The radiation protection efficiency (RPE) of the KCNPX samples is graphed against increasing photon energy in Figure 8. For all tested energies, RPE decreases with increasing energy [40]. For the KCNP45 sample, for example, its RPE decreases from 51% at 0.0585 MeV to 23% at 0.245 MeV, 19% for E = 0.444 MeV, 15% for E = 0.779 MeV, and 12% for E = 1.41 MeV. For the KCNP55 sample, meanwhile, its RPE is equal to 49%, 23%, 18%, 14%, and 11% for the previous energies. This decreasing behavior occurs since higher energy photons penetrate via the samples easily, decreasing the amount of photons attenuation by the shields, and decreasing RPE. This result also indicates that the KCNPX specimens are more efficacious against lower energy photons.
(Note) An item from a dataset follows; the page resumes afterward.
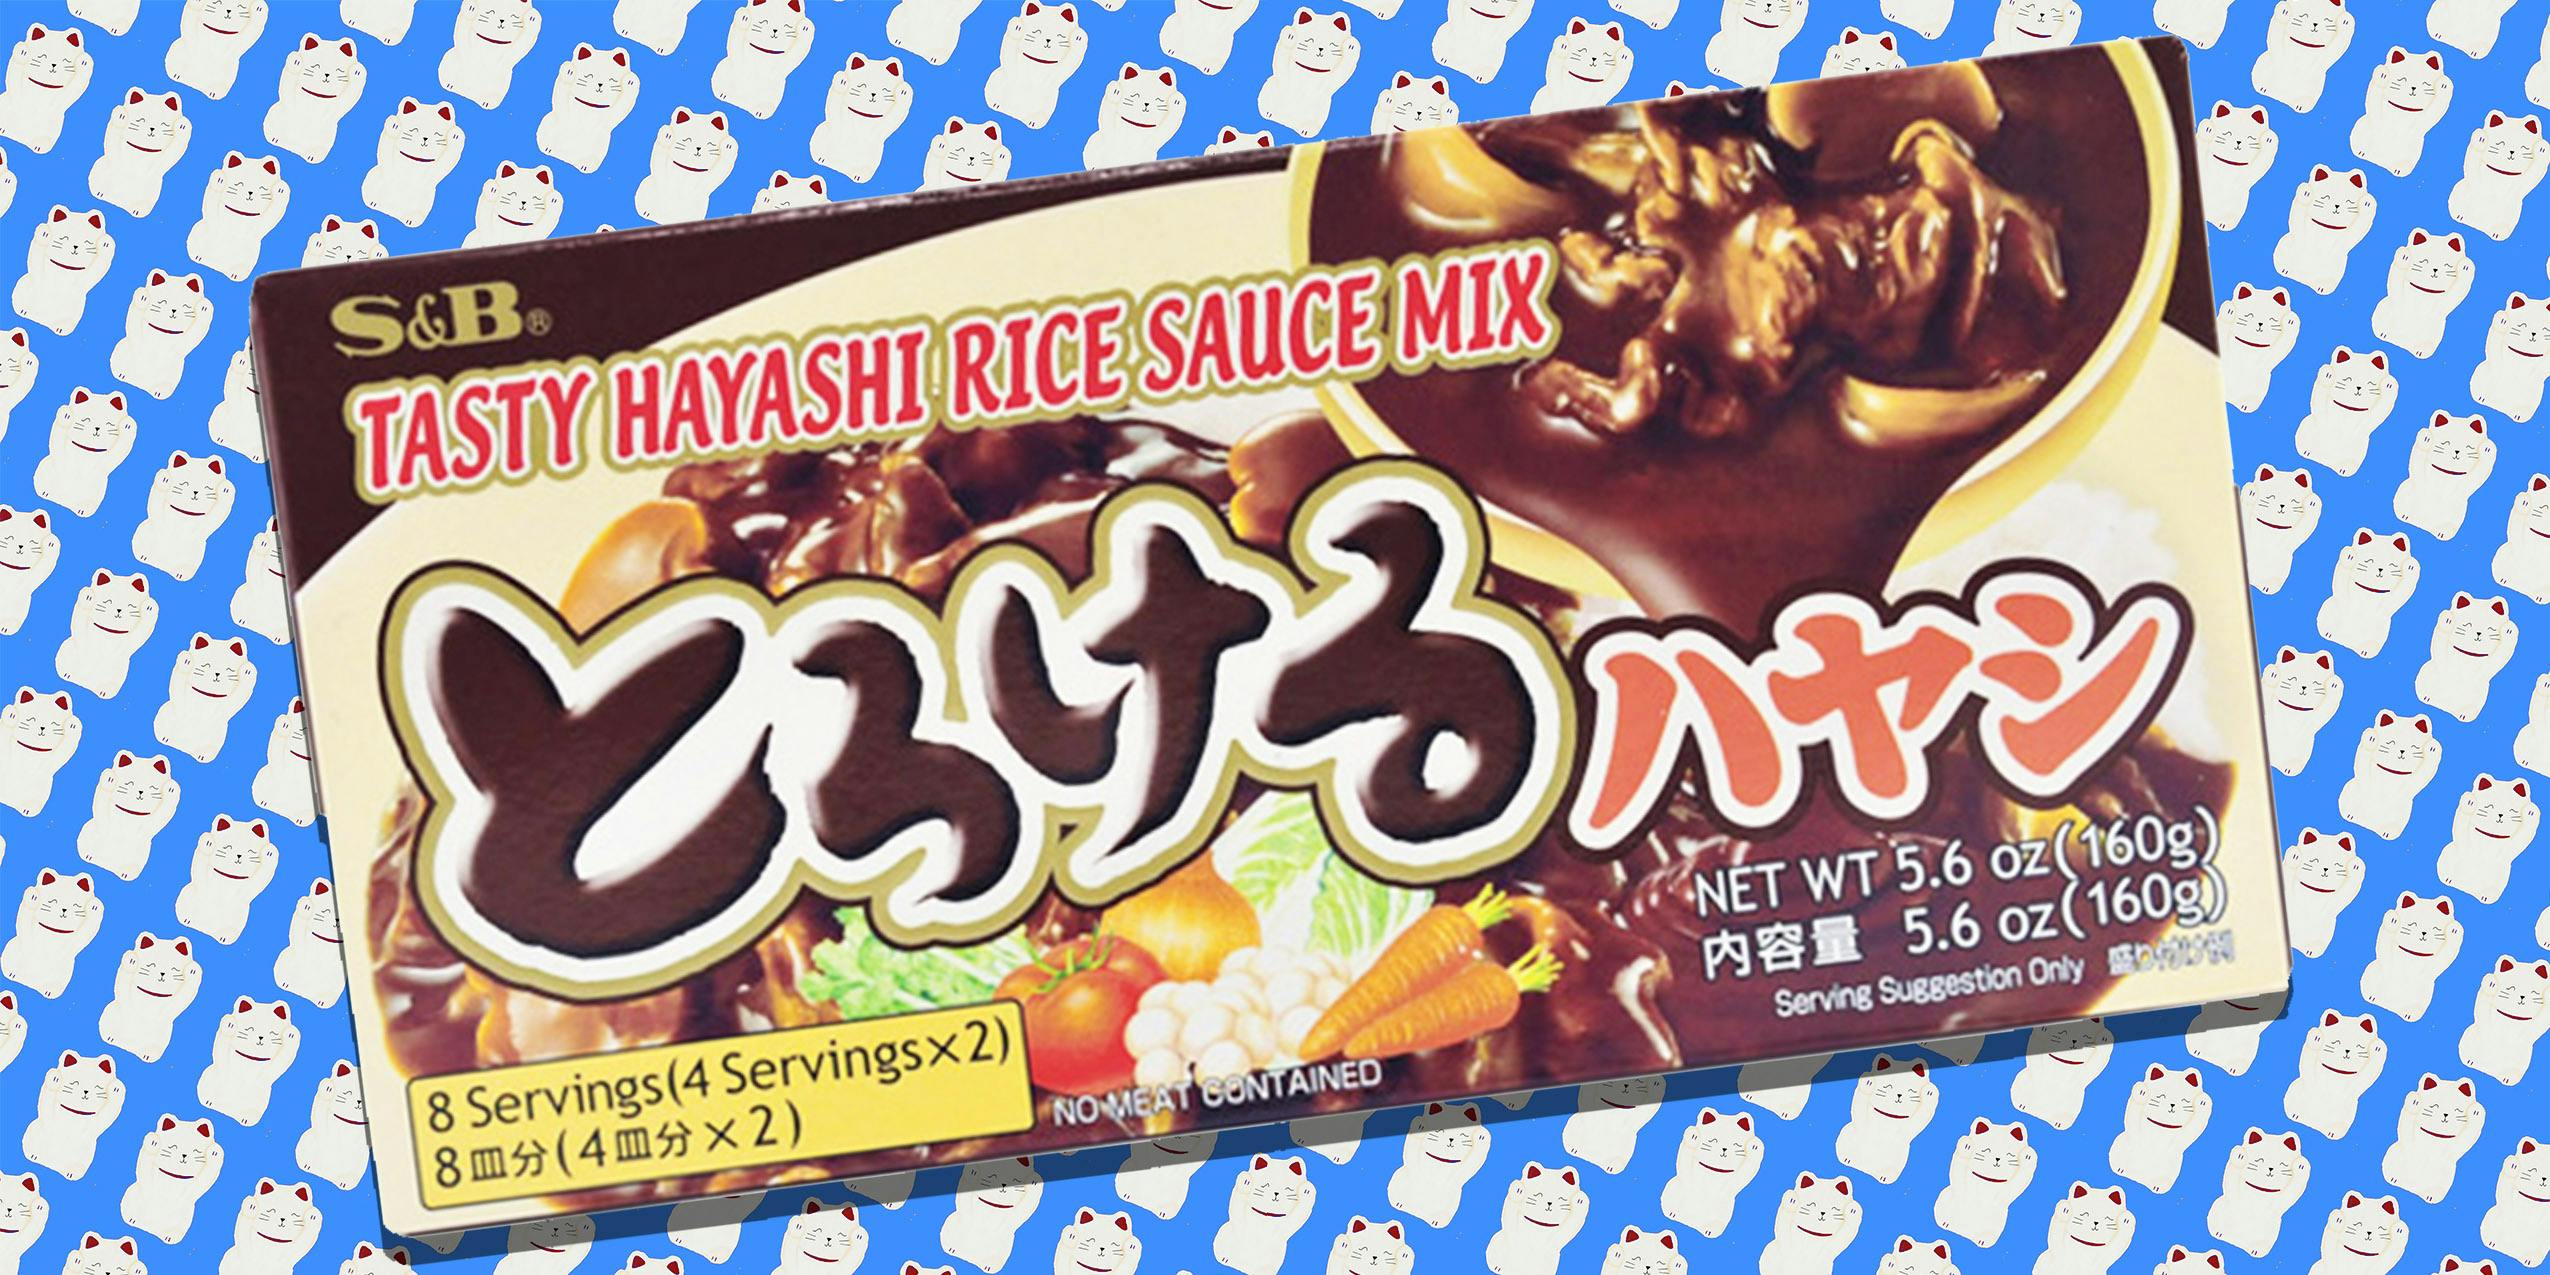 hayashi rice sauce mix

When the RPE values are evaluated at a single energy, the KCNP40 sample has the greatest RPE, while the KCNP60 sample has the least. Finally, since the KCNP40 sample has the greatest Na₂O content, this glass has the best possibility for radiation shielding utilizations.

4. Conclusions

The radiation shielding ability for CaO-K₂O-Na₂O-P₂O₅ glasses was experimentally examined between 0.0595 and 1.41 MeV. The experimental data strongly agreed with the XCOM results. The Z_eff values start out at their maximum (12.41–12.55) at 0.0595 MeV and decrease to 10.69–10.80 at 0.245 MeV. The lowest MFP value occurs at the lowest tested energy, 0.0595 MeV, and lies within the range of 1.382–1.486 cm. The KCNP40 sample has the lowest MFP, and the KCNP60 sample has the greatest MFP. The values follow the order of KCNP40 < KCNP45 < KCNP50 < KCNP55 < KCNP60. The HVL of the KCNP50 sample increased from 0.996 to 5.169 cm between 0.0595 and 1.11 MeV. The RPE demonstrated that decreasing the P₂O₅ content in the glasses improves the radiation shielding ability of the samples. Thus, KCNP40 has the most potential for radiation protection applications.